Największym niebezpieczeństwem wszystkich zabiegowych sposobów leczenia zwężenia tętnic szyjnych, jest możliwość urywania się fragmentów blaszek miażdżycowych wraz z zakrzepami do światła tętnicy i wywołanie udaru mózgu. Jednym ze sposobów radzenia sobie z tym powikłaniem jest stosowanie specjalnych siatek („parasolek”), które wyłapują materiał zatorowy podczas operacji. Siatkę taką umieszcza się na cewniku, który wprowadzany jest między operowane miejsce a mózg.

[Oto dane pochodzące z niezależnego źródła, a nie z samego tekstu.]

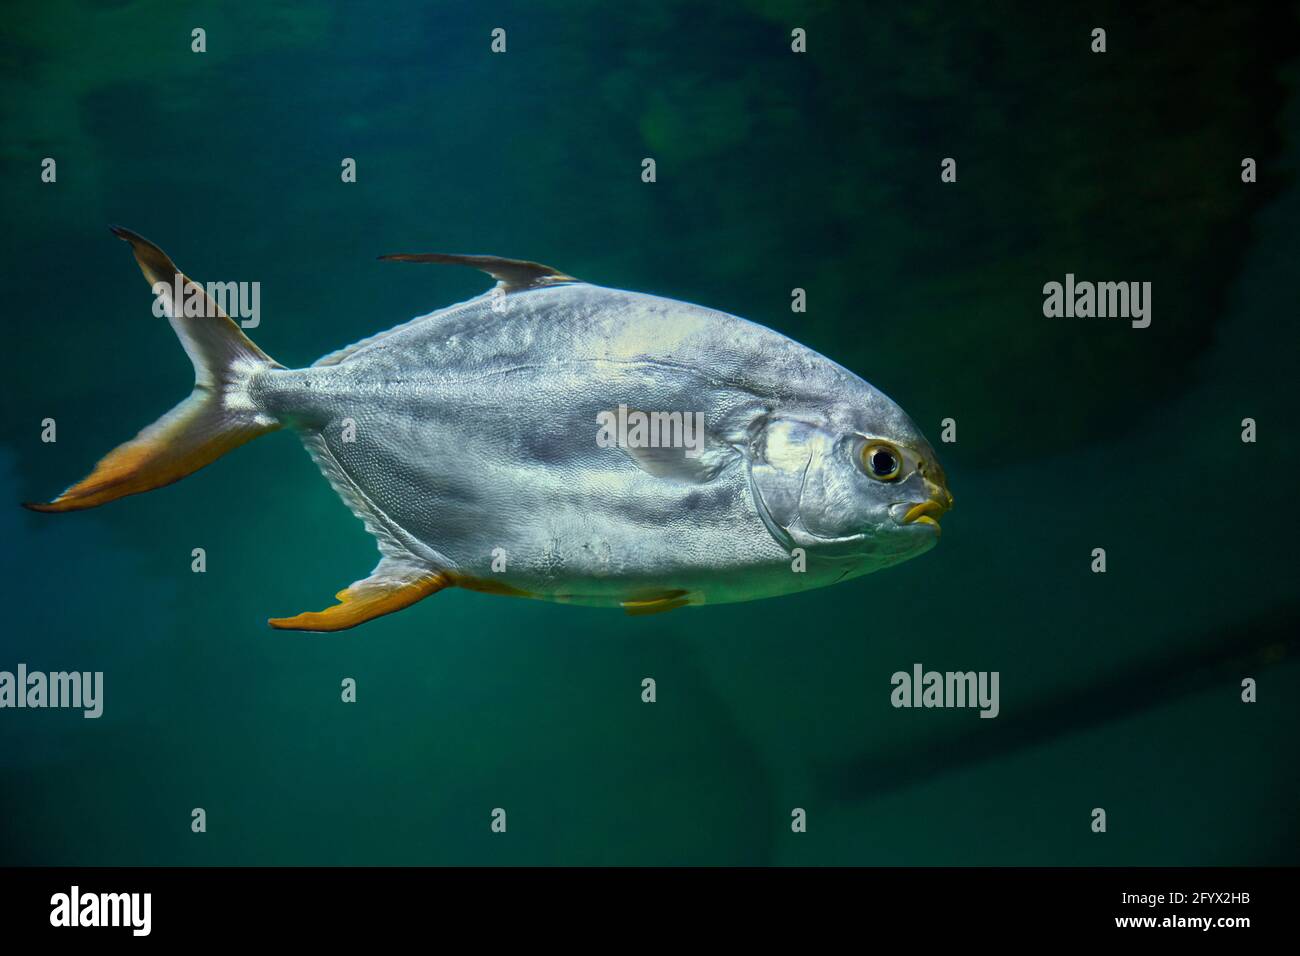 Snubnose pompano (Trachinotus blochii) swims in aquarium. Stock Photo

Mimo iż leczenie zabiegowe miażdżycy tętnic szyjnych stosowane jest i udoskonalane od dziesięcioleci, to nawet najnowocześniejsze metody leczenia tej niebezpiecznej choroby nie są pozbawione ryzyka wystąpienia powikłań niedokrwiennych. Dlatego też przede wszystkim należy stosować się do wszystkich zasad profilaktyki miażdżycy, które nawet w przypadkach zaawansowanej choroby potrafią chronić przed przykrą koniecznością leczenia operacyjnego.